Attendance at the fair for the last two years hovered around 1,400 visitors, said Melissa Dubrow, chief operations officer at Waynesboro Hospital, an affiliate of Summit Health. Summit also owns Chambersburg (Pa.) Hospital.

Dubrow said the results of the tests that were given to visitors Saturday will be mailed to them so they can follow up with their doctors if needed.

“For us, this is more about supporting the community and promoting good health, a way to give back,” she said.

Kim Dangler was working at one of the fair’s most popular stops, the Summit Weight Management Services table. The draw was a rubbery, yellowish lump of what looked like chicken fat. It weighed 5 pounds, was ugly and passers-by satisfied their curiosity by squeezing it and quickly pulling their hands off.

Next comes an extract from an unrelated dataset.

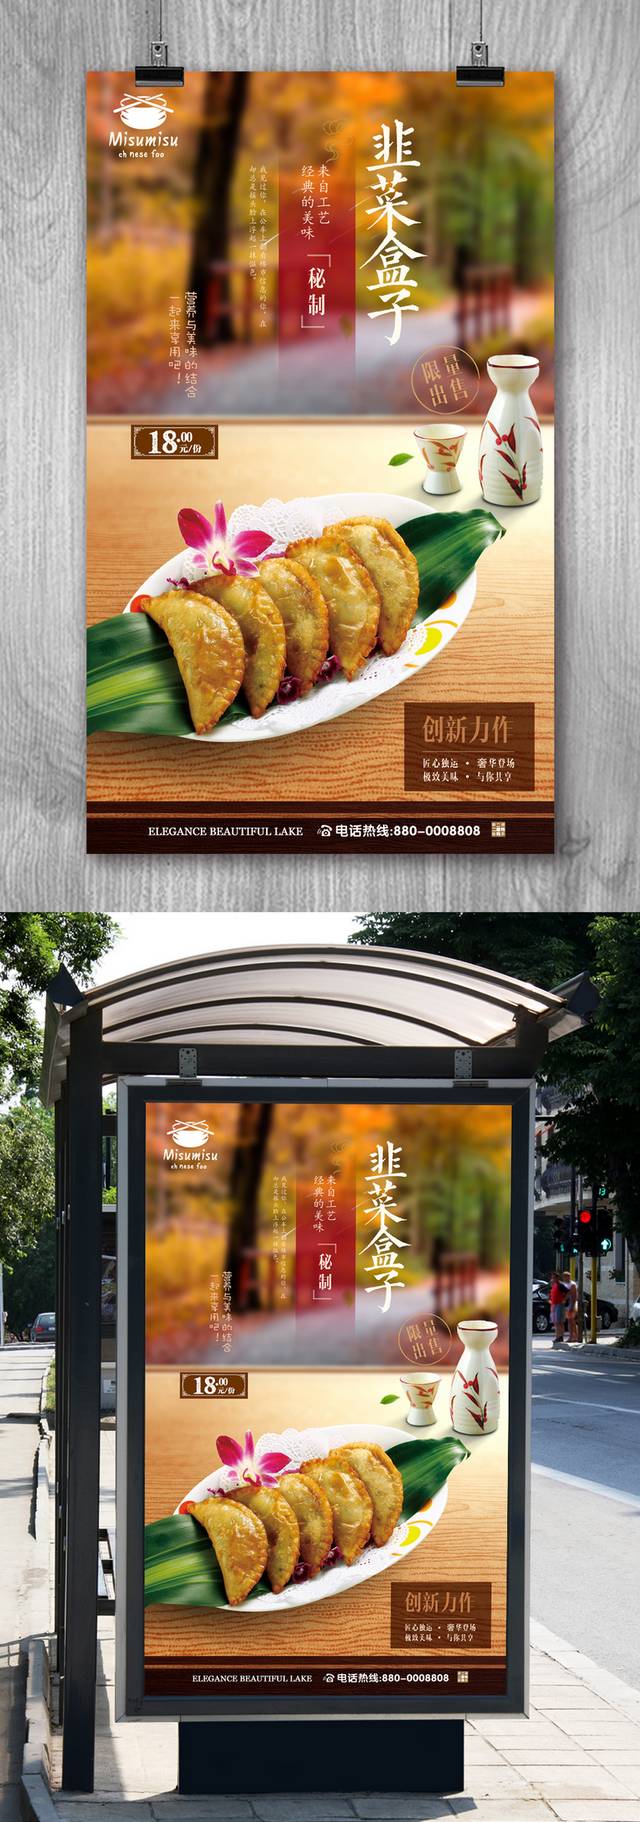 古典韭菜盒子海报设计psd

“It’s what body fat looks like,” either spread around the body or sitting in one lump, Spangler said.

She showed a cigar-shaped test tube that held what represented about 16 teaspoons of sugar, the amount one gets from drinking a 12-ounce can of soda. Drinking 116 cans of the same soda would generate enough fat to match the fake fat lump.

The message at the table was that it would be easy to lose weight with changes in lifestyle.

A list of “small things you can do to make a difference” that Spangler was handing out suggested that drinking a pint of water before every meal would result in losing 16 pounds. It also said to avoid soda.

The line before Jackie Mellott’s table was 10 deep at one point. People were waiting to blow into a machine that tested their lung volume.

“It predicts lung volume according to what it should be for a person’s age,” Mellott said. “It tests for asthma, emphysema and bronchitis.”

The machine produced immediate printed results, which Mellott explained to those who took the tests.

The results showed that about 20 people who took the tests by 10:30 a.m. had some problem.

“A few already knew it,” Mellott said.

A tobacco-diseased pulsing pig’s lung at Stacy McCole’s table drew almost as much interest as the lump of fat.

McCole, grant coordinator for Health Communities Partnership of Chambersburg, said the nonprofit agency focuses on tobacco and drug and alcohol issues. It offers classes to about 100 smokers who are trying to quit. She estimates a 60 percent success rate among the nearly 100 participants who take the classes, she said.

Outside behind the school building, Pennsylvania DUI brought its DUI/texting simulator, where participants could get a sense of what it’s like driving impaired or driving while texting.

“There’s a huge difference between driving under the influence of alcohol and driving while texting,” said Mike Martin, who was in charge of the simulator. “Driving on one drink lowers your motor skills by seven-tenths of a second. Driving while texting lowers it by six seconds. You don’t even keep your eyes on the road when you’re texting.”

The simulator tests were sponsored by State Farm Insurance, local agent Tom Rickrode said.